How to Meet the Commission on Cancer's New Accreditation Requirements in Survivorship Care

The American College of Surgeons' Commission on Cancer has mandated that accredited institutions provide rehabilitation services to cancer patients and that the institution's cancer committee include a rehabilitation specialist. This requirement is part of CoC's new, patient-centered approach described in its updated standards of care. Until now, there has been a lack of emphasis on reimbursable, evidence-based oncology rehab programs at hospitals. Julie Silver, MD, assistant professor at Harvard Medical School in the Department of Physical Medicine and Rehabilitation and a breast cancer survivor, co-founded Oncology Rehab Partners to promote the need for quality rehabilitation. Through ORP, she created the STAR (Survivorship Training and Rehabilitation) certifications including the STAR Program to help hospitals create best practices programs.

The problem
Most hospitals already have robust rehab programs for cardiac, stroke and orthopedic patients but lack adequate care for cancer survivors. Current oncology rehab programs are often not reimbursable by third party payor and are not based on best practices, according to Dr. Silver. "What is generally accepted now as cancer rehabilitation in many institutions is simply not a best practices model and not a reimbursable model," she says. "People have to realign their thinking and understand that cancer rehab is similar to stroke rehab, spinal cord rehab, or any other rehabilitation for people with serious medical issues. It needs to be based on research and offered by healthcare professionals who are trained and reimbursed for their care." Furthermore, current cancer rehab programs only serve a fraction of survivors. "Survivorship programs need to be sustainable and be able to grow with the growing needs of survivors," Dr. Silver says.

The solution
1. Define cancer rehabilitation. "A really important part of implementing [rehabilitation] care is to define what cancer rehabilitation is, who should be providing that care and how it's reimbursed," Dr. Silver says. One of the reasons for hospitals' lagging survivorship programs is a lack of understanding of the needs of cancer survivors. "I think that there's been confusion [about] what constitutes cancer rehab in a best practices model," she says. She recommends an oncology rehabilitation team include physiatrists, physical therapists, occupational therapists, speech-language pathologists, rehab nurses and mental health professionals.

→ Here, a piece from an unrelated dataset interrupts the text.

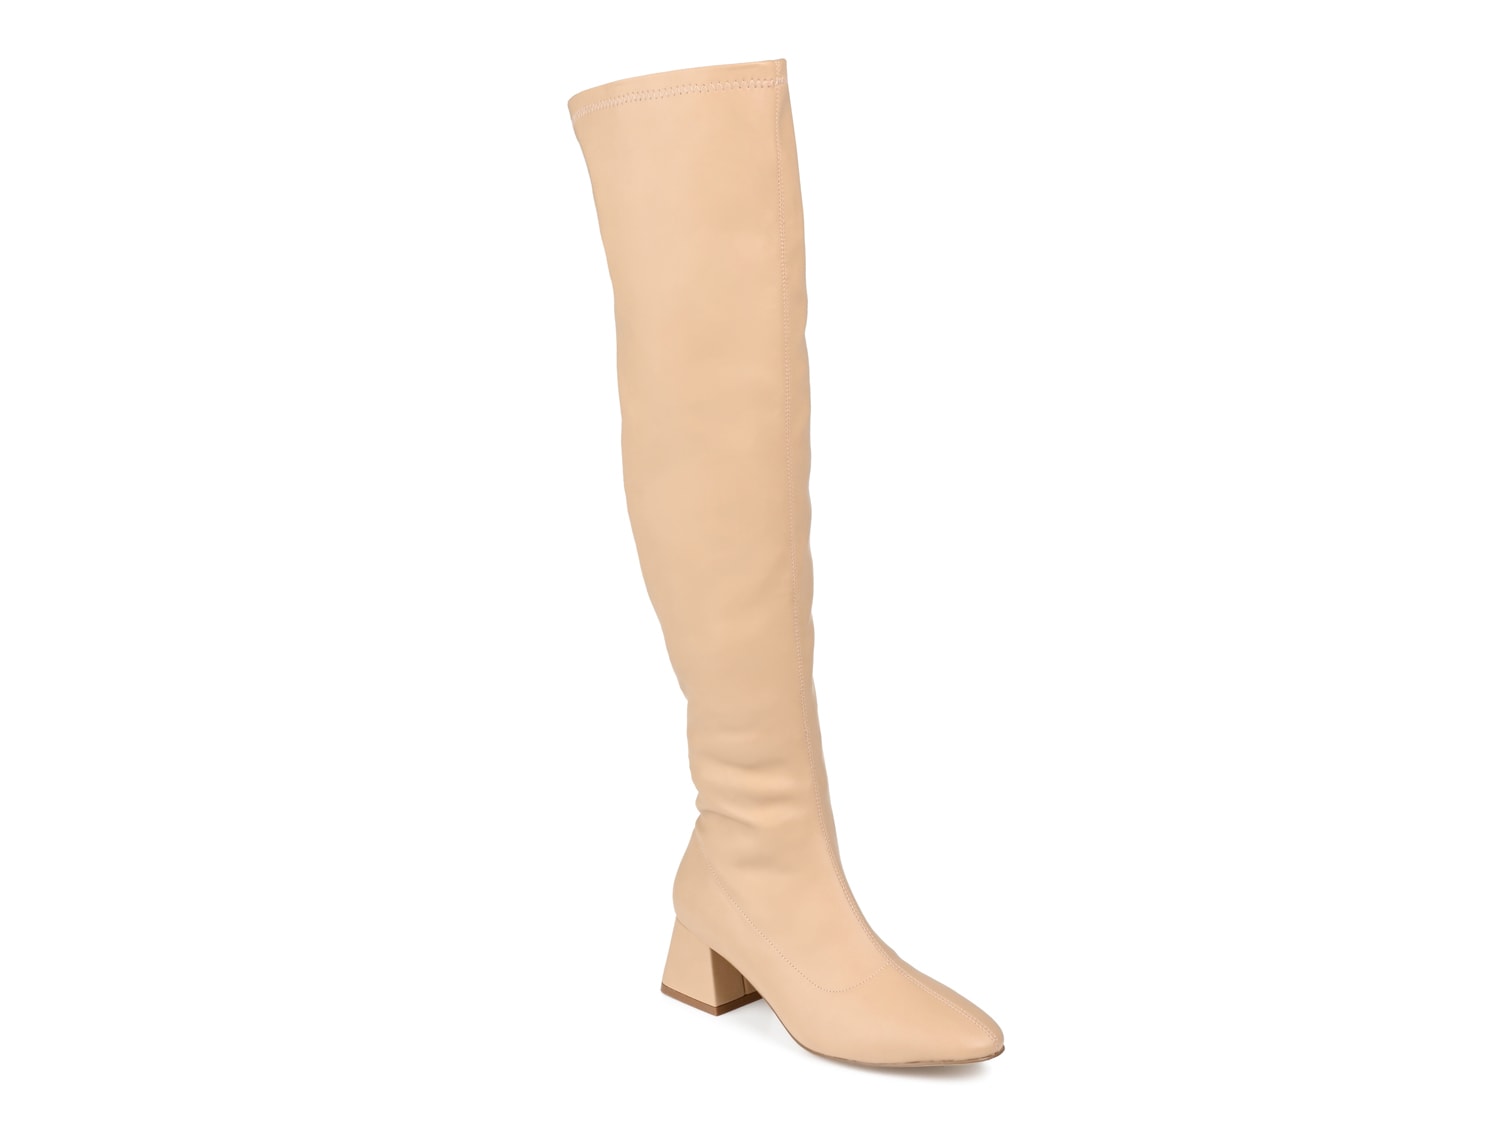 Journee Collection Melika Over-the-Knee Boot - Free Shipping | DSW

"There are many different issues that may arise in cancer survivors that are amenable to rehabilitation," Dr. Silver says. She gives an example of head and neck cancer survivors, many of whom have to stop driving because of their limited cervical range of motion. These survivors would benefit from a rehab program that provided physical therapy to increase neck motion, mental health services for possible depression related to an inability to drive and occupational therapy to work towards driving again. "Understanding what problems cancer survivors might face and how they are related to their ability to function is critical," Dr. Silver says.

Another example of problems cancer survivors face is "chemo-brain" — fatigue and reduced memory and concentration — according to Dr. Silver. "Chemo-brain is really mild cognitive impairment, and a comprehensive rehab program that provides physiatry, speech-language therapy and other appropriate services are necessary for cancer survivors just as they are for stroke patients, head trauma patients and others with similar symptoms," Dr. Silver says.  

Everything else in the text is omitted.